Give the People What they Want
We assume that people have symptoms, go get diagnosed, then receive the indicated treatment. But sometimes people just want a drug because of its effect. Sildenafil and its ilk, like benzodiazepines and amphetamines, definitely do something, even though Erectile Dysfunction is just as made-up as Female Sexual Interest and Arousal Disorder. The diagnosis is incidental, somewhere between a rationalization and a cover story. Other times it’s the diagnosis that people are after, as a semblance of explanation, and the daily medication is there to keep yourself, and others, convinced. Sometimes people want both, or don’t know what they want, because people are often confused.
Flibanserin has so far failed because its makers were confused.

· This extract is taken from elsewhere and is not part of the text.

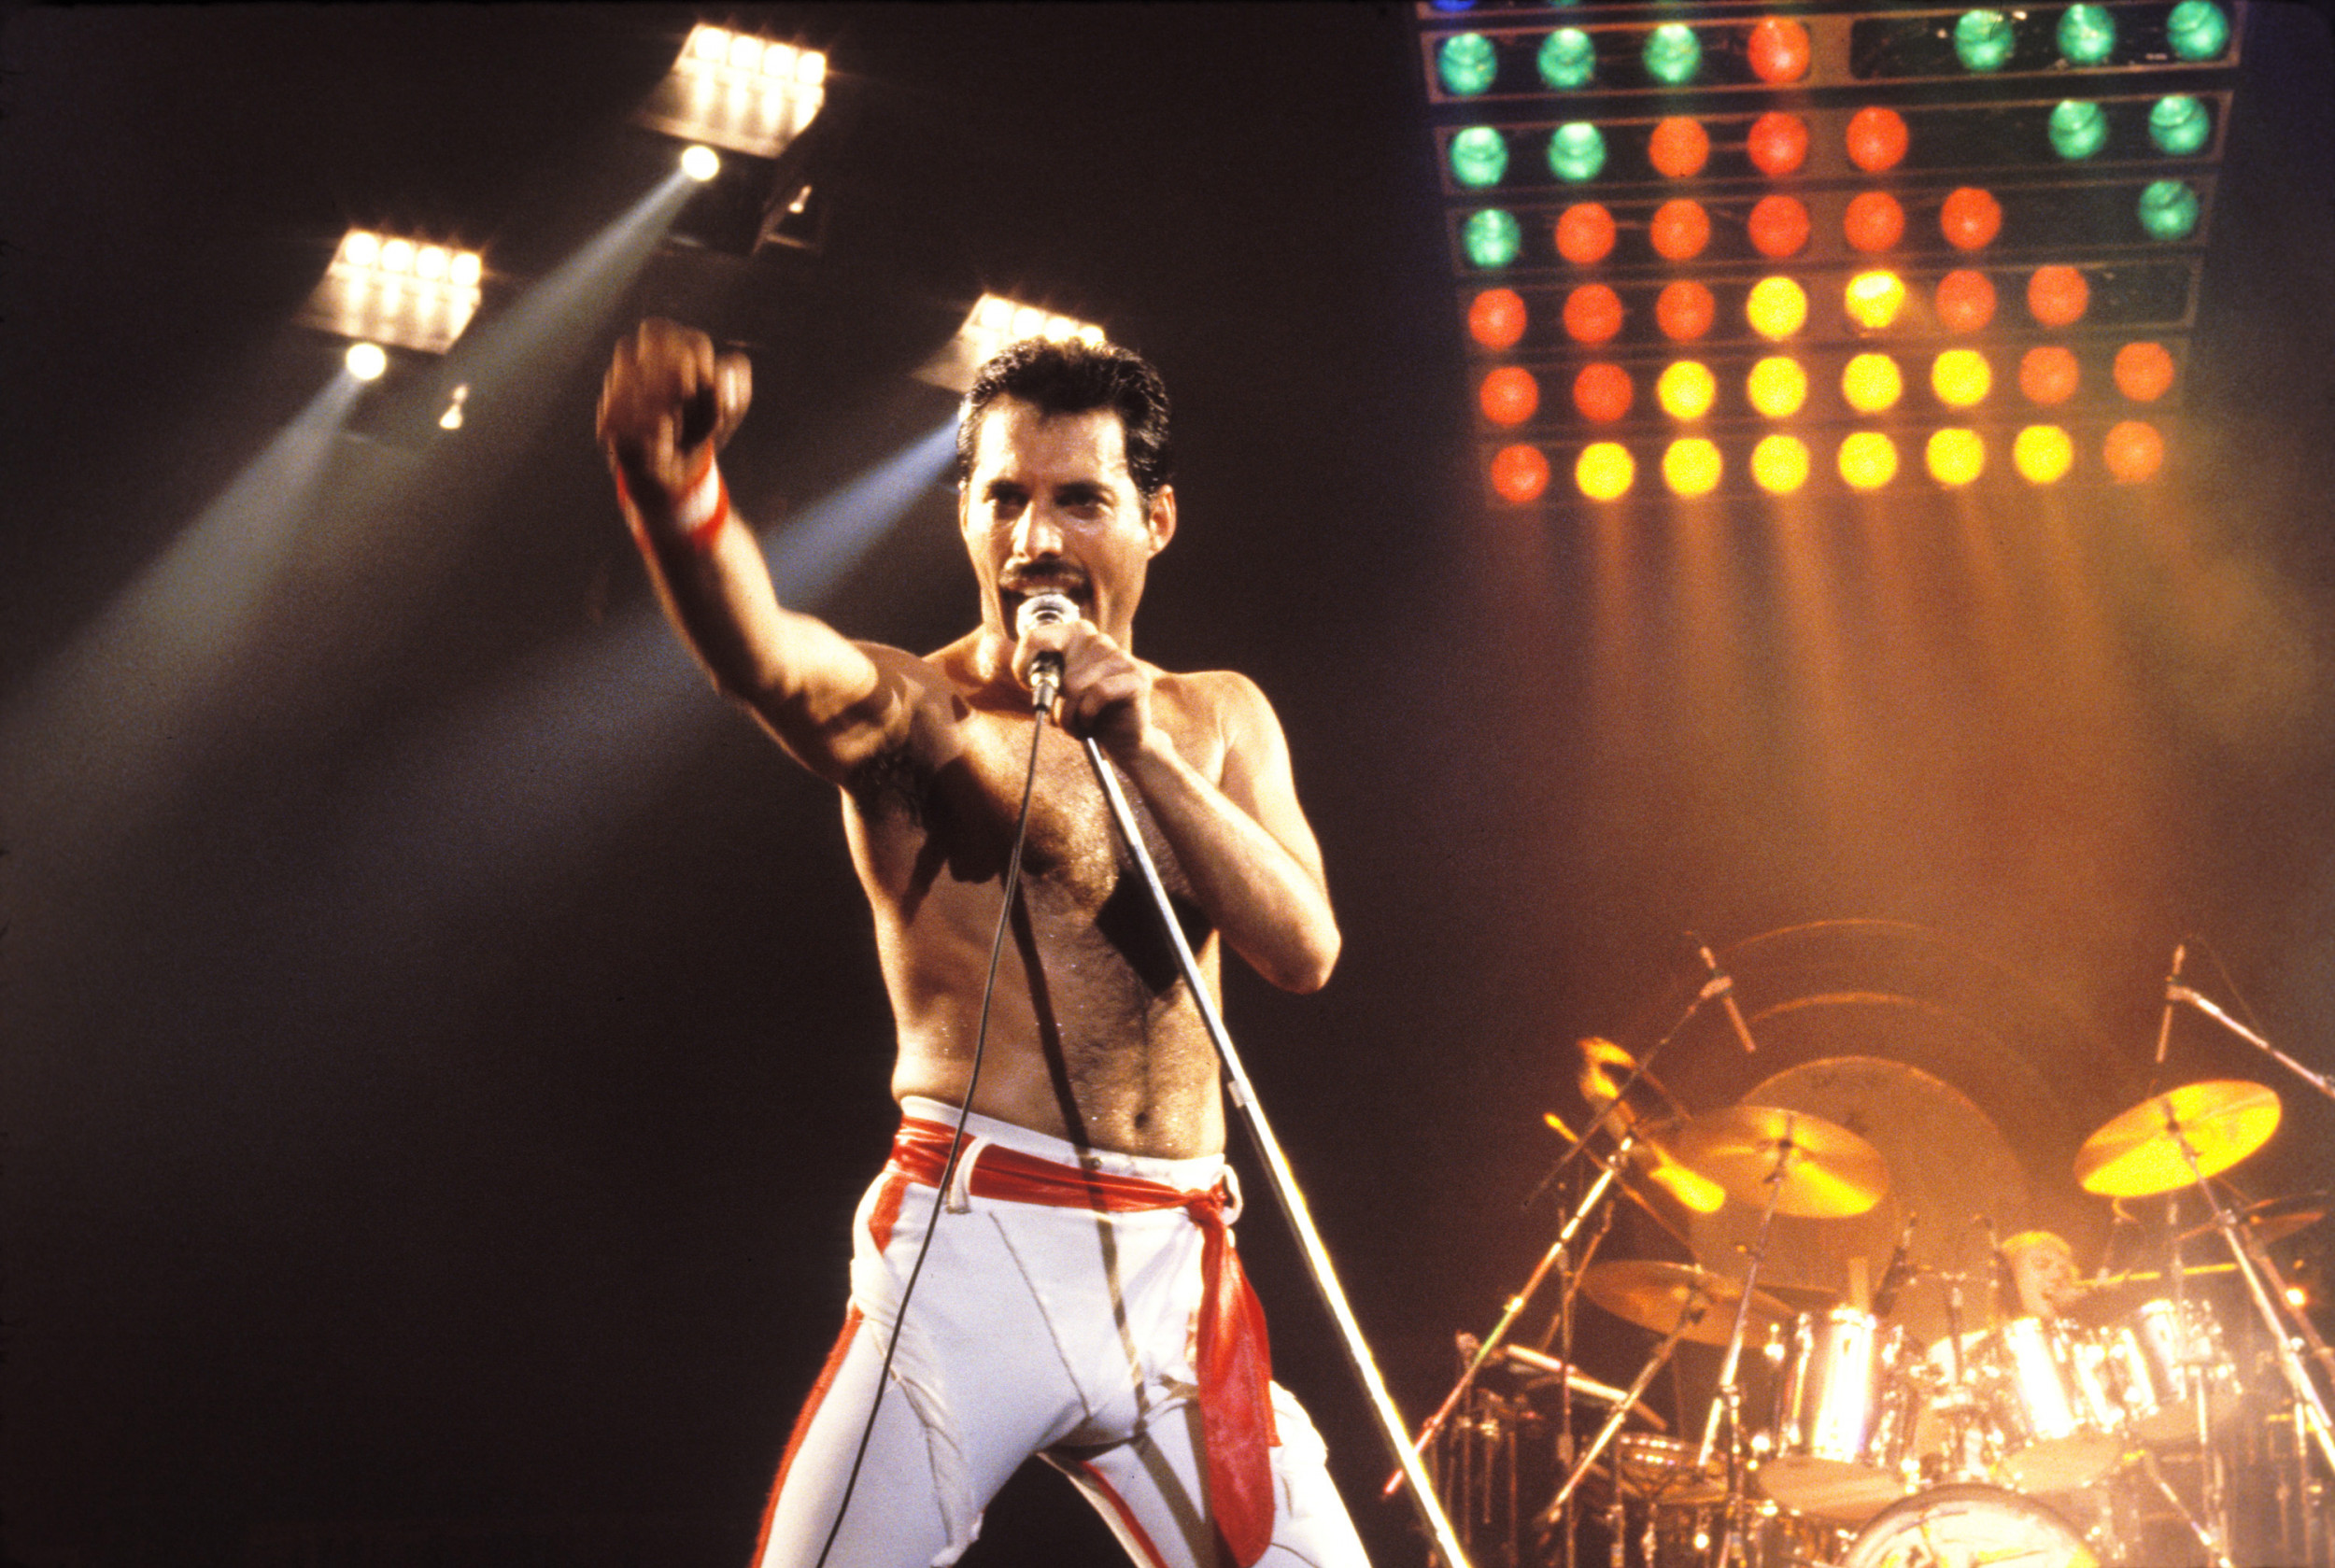 Queen S Bohemian Rhapsody But Make It The Coronavirus Says Twitter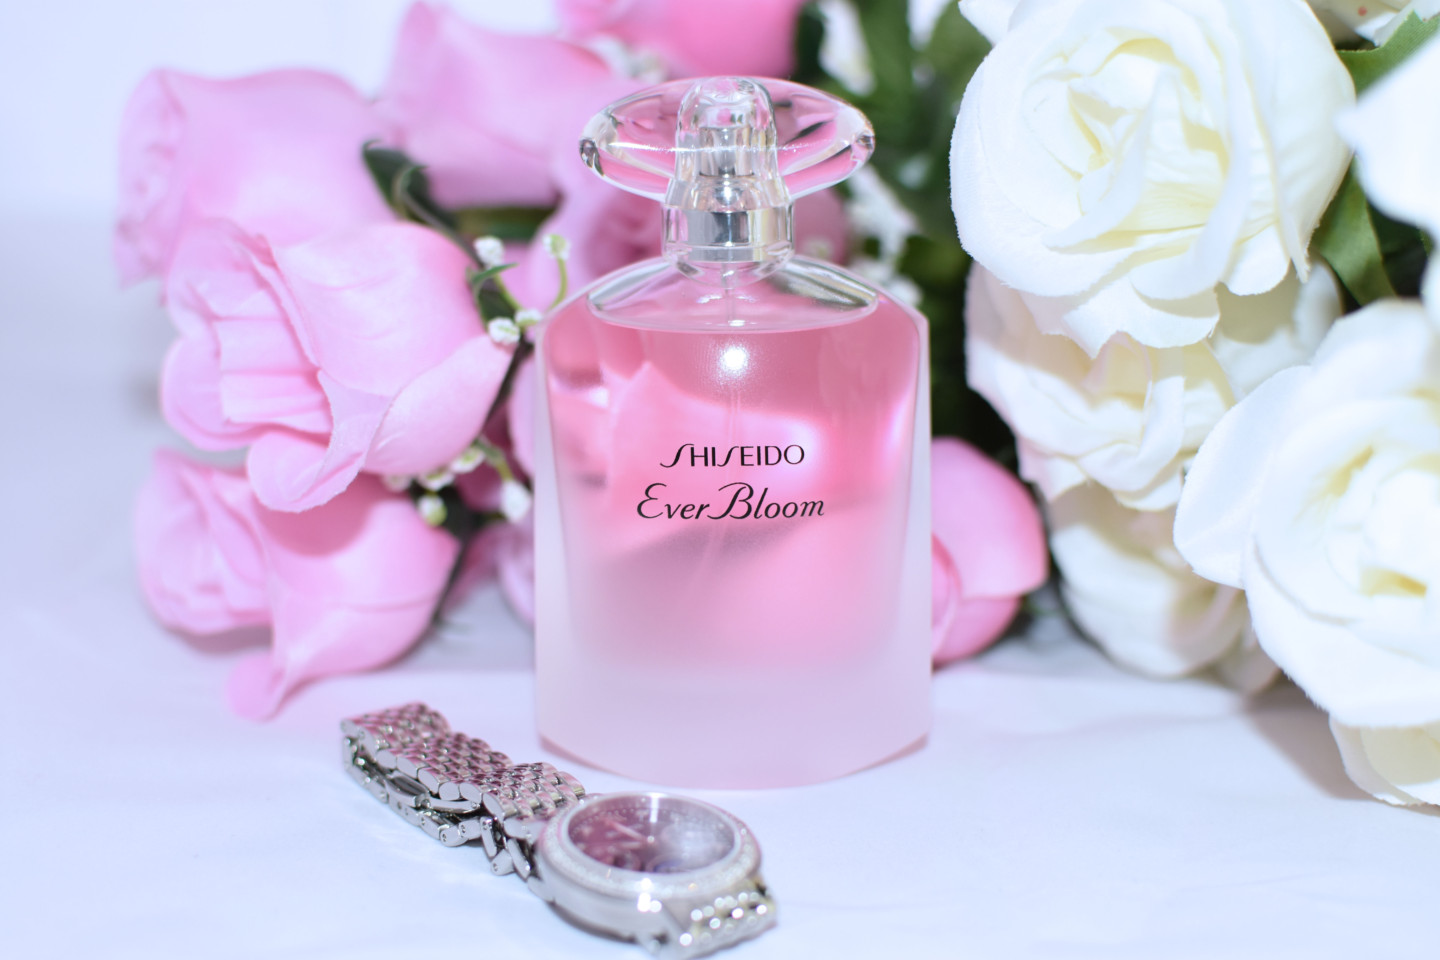 Shiseido-profumo-Ever-Bloom-valentina-coco-beauty-luxury

They thought it was like Viagra, but it’s more like (yikes) buspirone. Sprout convinced the FDA, via intimations of sexism, to approve flibanserin. They tried to tell physicians, via iffy statistics, that flibanserin works. But they forgot to persuade regular women that they needed the drug. Treating female sexual dysfunction, if that’s a useful concept, will require a better acronym. It will also require a better value proposition: if not a drug that provides real benefit, at least a diagnosis that provides real meaning.
This counted different brandings as different drugs. At the time, only five distinct drugs were approved, all in the same class as sildenafil.
This statistic had been walked back by its authors (Laumann 1999).
It’s interesting to think why a drug company would want outcome measures likely to have larger placebo effects.
Addyi is one of those feminist milestones that principally benefits men.
For what it’s worth, there do not appear to be any RCTs of flibanserin not funded by a pharmaceutical company.